Occasionally Word writes SYMBOL_CHARSET (nonUnicode) characters in the range
U+F020..U+F0FF instead of U+0020..U+00FF. Internally Word uses the values U+F020..U+F0FF
for these characters so that plain-text searches don’t mistakenly match SYMBOL_CHARSET
characters when searching for Unicode characters in the range U+0020..U+00FF. To find out the
correct symbol font to use, e.g., Wingdings, Symbol, etc., find the last SYMBOL_CHARSET font
control word \fN used, look up font N in the font table and find the face name. The charset is
specified by the \fch

------------------------------------

So as LibreOffice /seems/ not to identify \u8198 it should only display a whitespace.

I guess 8198 is that character https://www.codetable.net/decimal/8198 ("Six-Per-Em Space", but isn't this \u2006?!?).

So why do we not recognize that character? *g*

Comment 13 Dennis Roczek 2020-09-06 21:35:59 UTC

I forgot to mention: replacing the Unicode character + whitespace using search and replace (to whitespace) it looks nearly as good as in MSO Word!

Next question which come to my min: why is that six-per-em space not recognized as character separator? (yeah, I do know: another ticket!)

Comment 14 QA Administrators 2024-09-05 03:17:14 UTC Comment hidden (obsolete)

Dear Dennis Roczek,

To make sure we're focusing on the bugs that affect our users today, LibreOffice QA is asking bug reporters and confirmers to retest open, confirmed bugs which have not been touched for over a year.

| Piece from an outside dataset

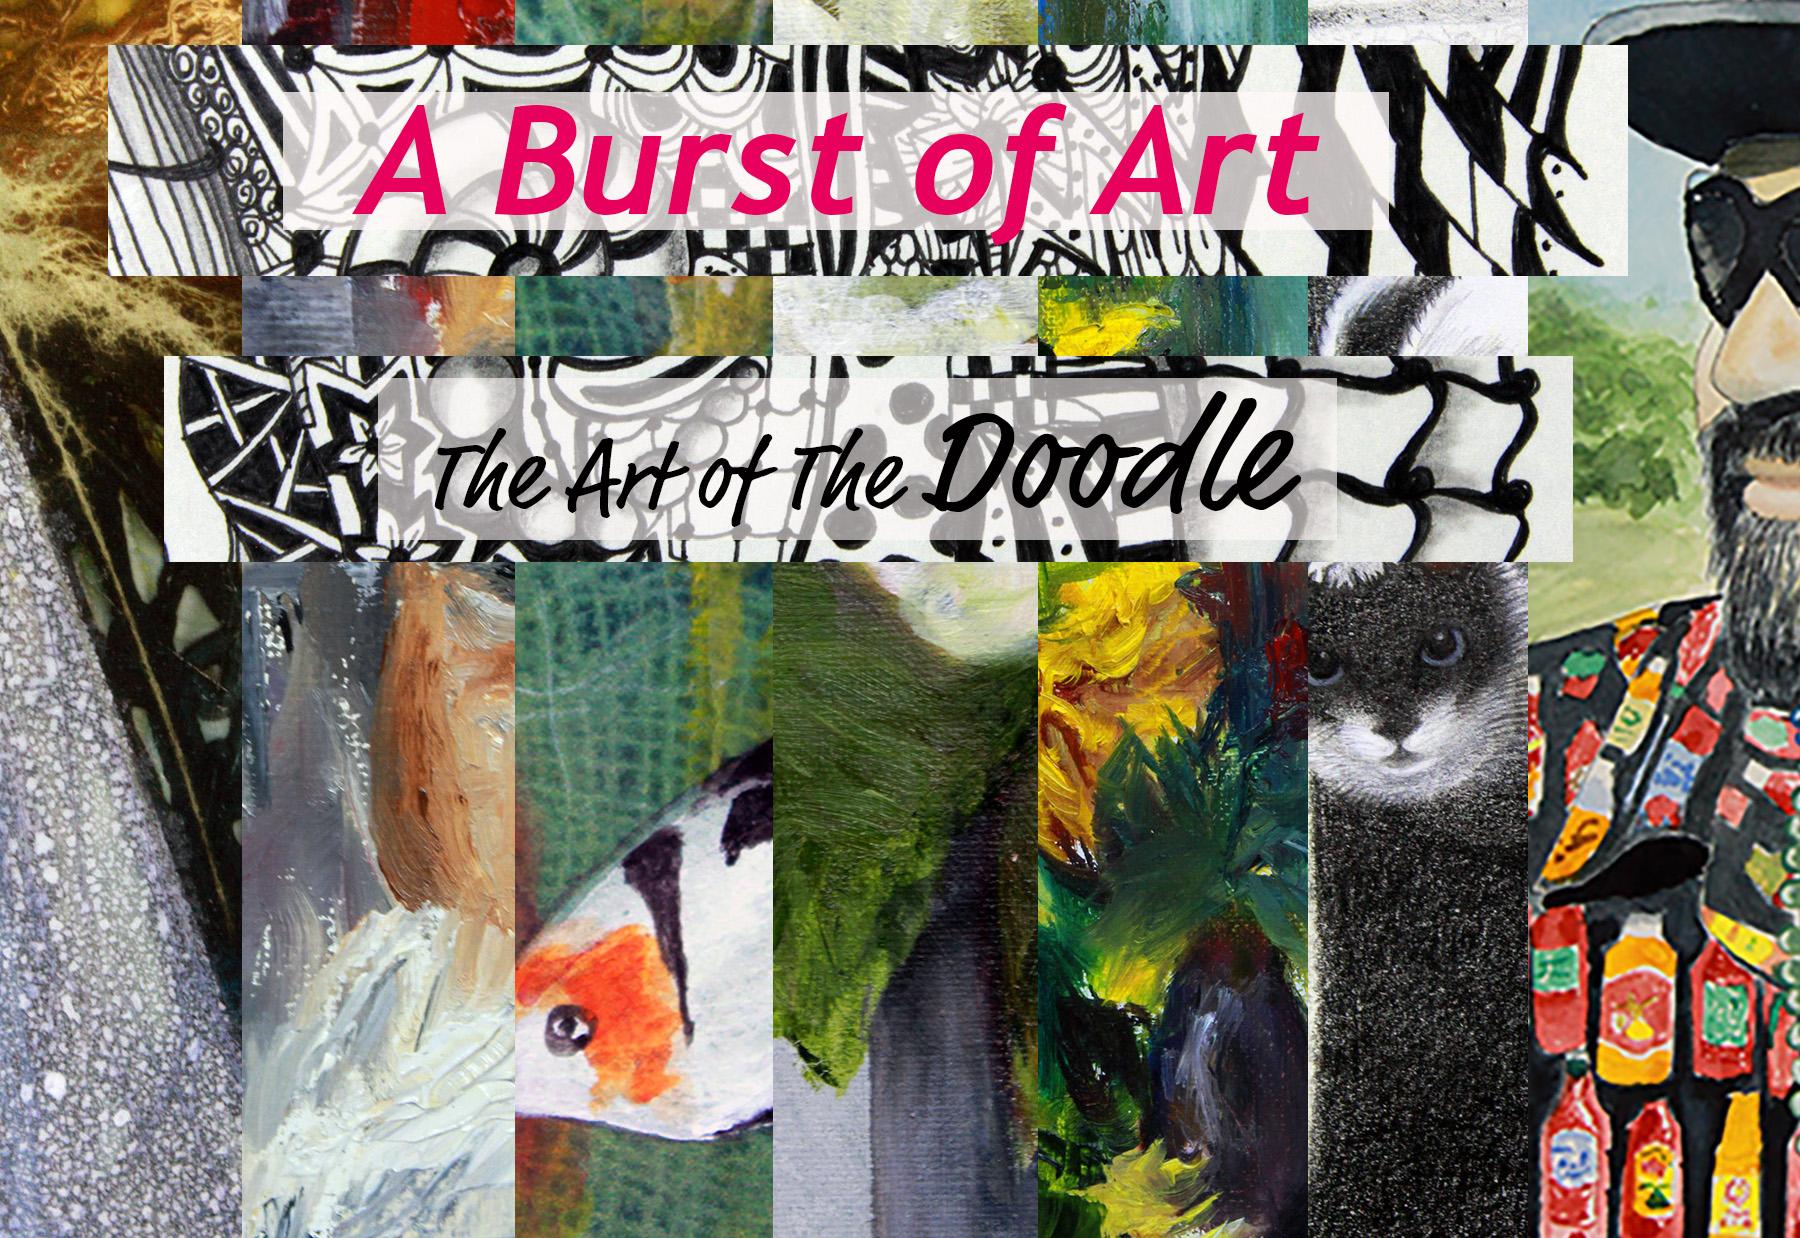 Burst of Art & Art of the Doodle

There have been thousands of bug fixes and commits since anyone checked on this bug report. During that time, it's possible that the bug has been fixed, or the details of the problem have changed. We'd really appreciate your help in getting confirmation that the bug is still present.

If you have time, please do the following:

Test to see if the bug is still present with the latest version of LibreOffice from https://www.libreoffice.org/download/

If the bug is present, please leave a comment that includes the information from Help - About LibreOffice.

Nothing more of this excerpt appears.